Among the interested citizens at the event were sculptor Richard Taylor and his wife Lynn Lucius, an arts consultant who advises the Brico Fund and other groups. Rodney Sanchez of the Nonprofit Center was joined by his wife Bethany Sanchez of the Fair Housing Council. Wyman Winston, the director of the Wisconsin Housing and Economic Development Authority (WHEDA) relaxed on the boat, going so far as to take off his suit coat, while retaining his tie.

District Board member JoAnne Anton, Director of Giving for the Herb Kohl Foundation was in a brightly patterned dress, while Ricardo Diaz, the executive director of the United Community Center, was nearby. Gary Ballesteros, also a Harbor District board member, took a break from his duties at the nearby Rockwell International, where he is the General Counsel for Latin America. Cheralyn Randall, the Associate Vice President of the MATC Workforce Solutions staff was there, taking note of the opportunities that lie ahead at the vast property of the district. She posed for a photograph with Molly McLaughlin, the Community Engagement Specialist of the district.

In addition to the mayor, the city was represented by Dave Misky, the Assistant Executive Director of the Redevelopment Authority of the City of Milwaukee.

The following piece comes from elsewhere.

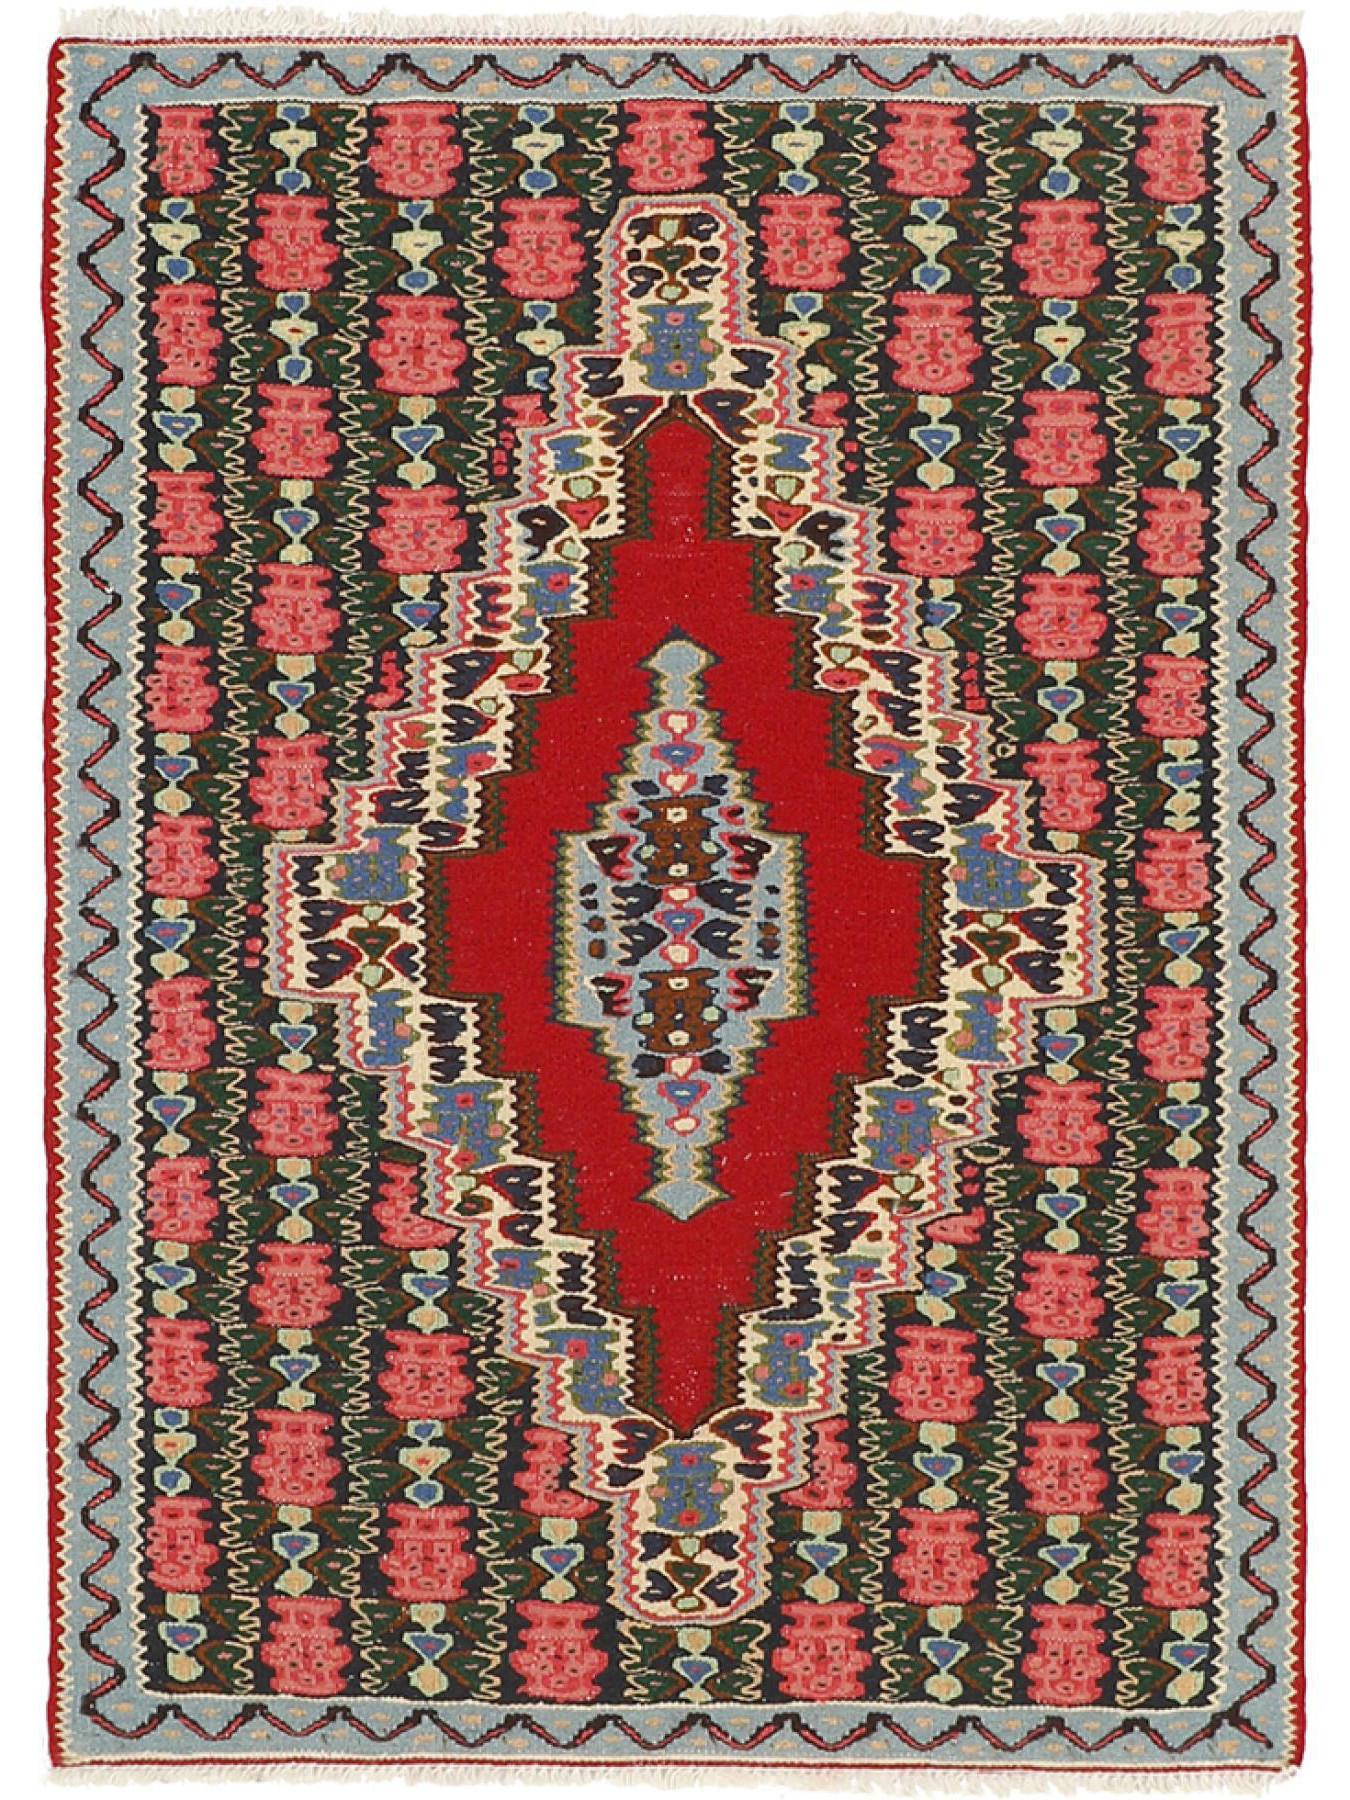 Kilims traditionnels - Kilim Senneh

Misky is also a board member of the district, where he brings the expertise of his Masters Degree in Water Resources Management.

Rep. Jonathan Brostoff made an appearance en route to Saint John’s on the Lake, where he was to hold a listening session on the Foxconn proposal, which he opposes. Wisconsin State AFL-CIO Secretary-Treasurer Stephanie Bloomingdale, a House Confidential Honoree, (as is Lilith Fowler), was dressed in red, as was her husband Doug Savage, of the UWM Institute of World Affairs. They met the visiting Sue Krause of Buckeystown, Maryland, the aunt of this writer and mother of a foreign service officer.

Photos from the Event

6 thoughts on “Plenty of Horne: Harbor District To Have 40 “Habitat Hotels””

  1. Mary says:

    “Frost also showed the attendees a six-acre remnant of the original habitat, tucked away along some railroad tracks near Barnacle Bud’s. A solitary, and long-dead elm tree along the sheet pile shore was filled with dozens of roosting Roufous Night Herons in a scene more reminiscent of the North Woods than of the South Side.”

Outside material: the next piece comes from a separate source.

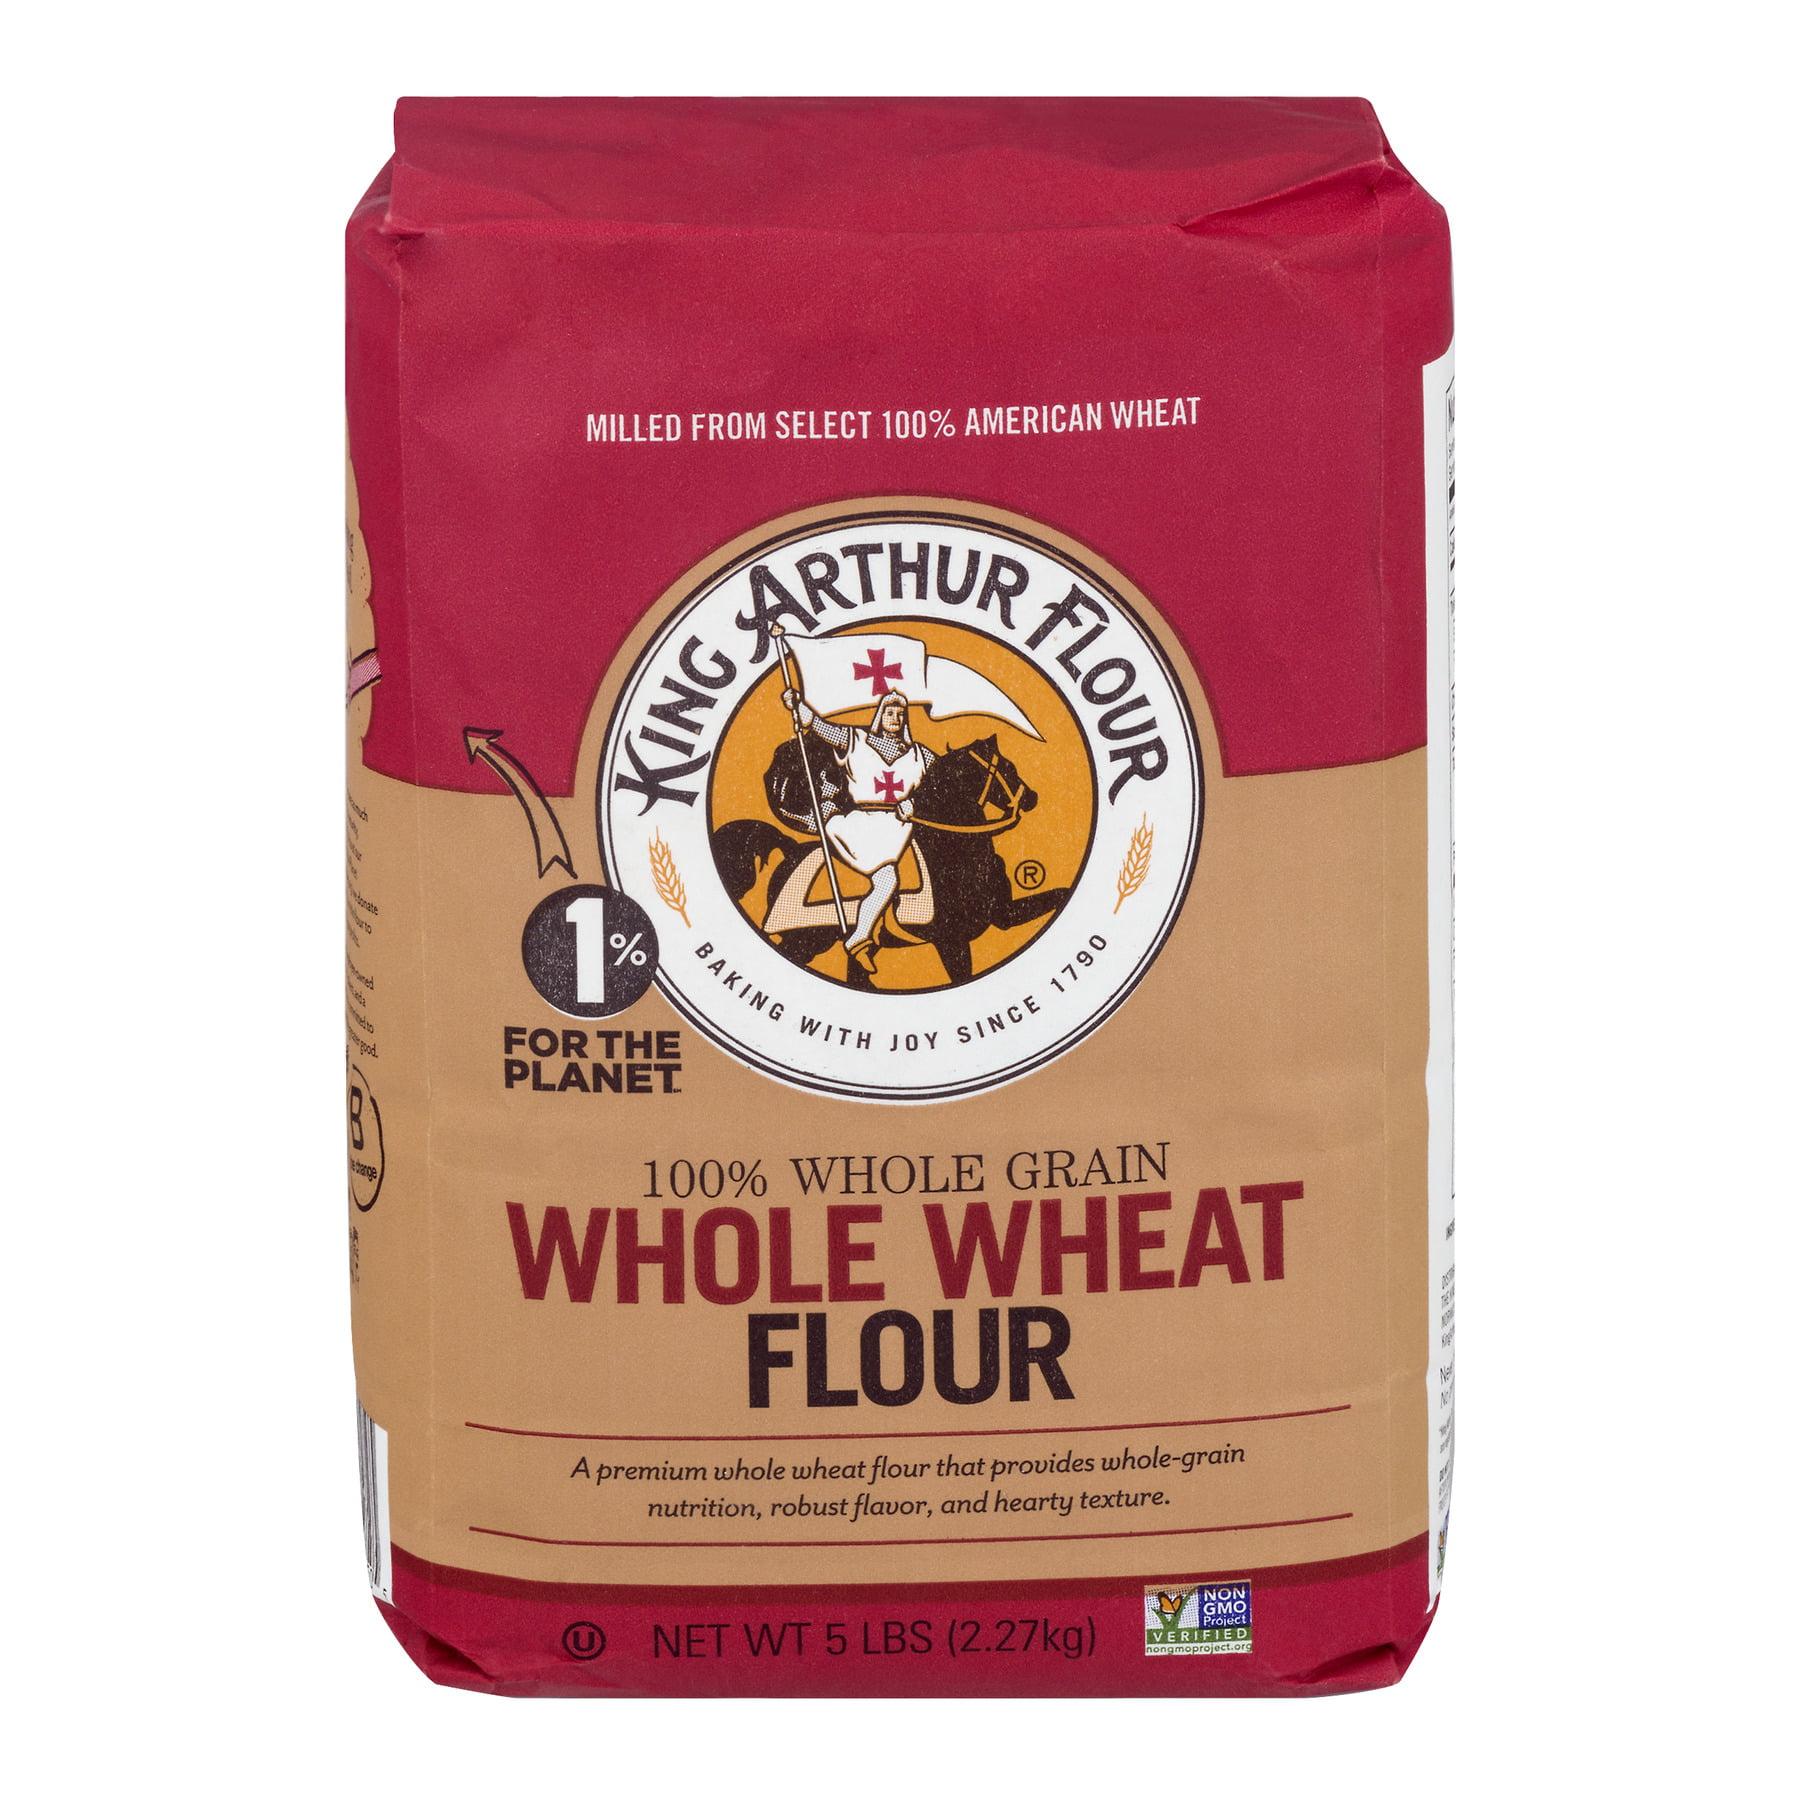 King Arthur Flour Premium 100% Whole Wheat Flour, 5.0 LB

    questions, not comment:
    Mr. Horne: I apologize if I missed it, but, according to the plan, will the six-acre remnant remain? will the dead tree/bird roost also remain? who identified the birds for you? have enjoyed this part of the area while visiting Barnacle Bud’s. oh, almost forgot, will Barnacle Bud’s remain?

  2. Observer says:

    This article made me very glad Tom Barrett is my mayor. I could not see this happening if ‘Fighting Bob” had won.

  3. David says:

    Maybe a Black-Crowned Night Heron is more likely (native to these parts)?

  4. Tomw says:

    How about a “curated” harbor tour for UM members?

  5. Mary says:

    David, when I have been at Barnacle Bud’s I have seen what I thought were cormorants coming to roost in a dead tree….but I did not have binoculars…..had heard in the past that Black-Crowned Night Herons were at the lagoon in Juneau Park….so guess they might be around as well….

  6. Mary says:

    Mr. Horne:
    not to be tedious, and admittedly I am an aficionado and not an expert, but still curious who identified the birds…..decided to “Google” just now and found this…..so, while trying to be diplomatic about this, am still wondering who said this or did you come up with it yourself? (or was it a joke?)

    The Rufous Night Heron occurs in Indonesia (Java, Borneo, Celebes, Lesser Sundas), New Guinea, the Philippines, Palau, Micronesia, New Caledonia, Bismarck Archipelago, Solomon Islands, Australia and New Zealand.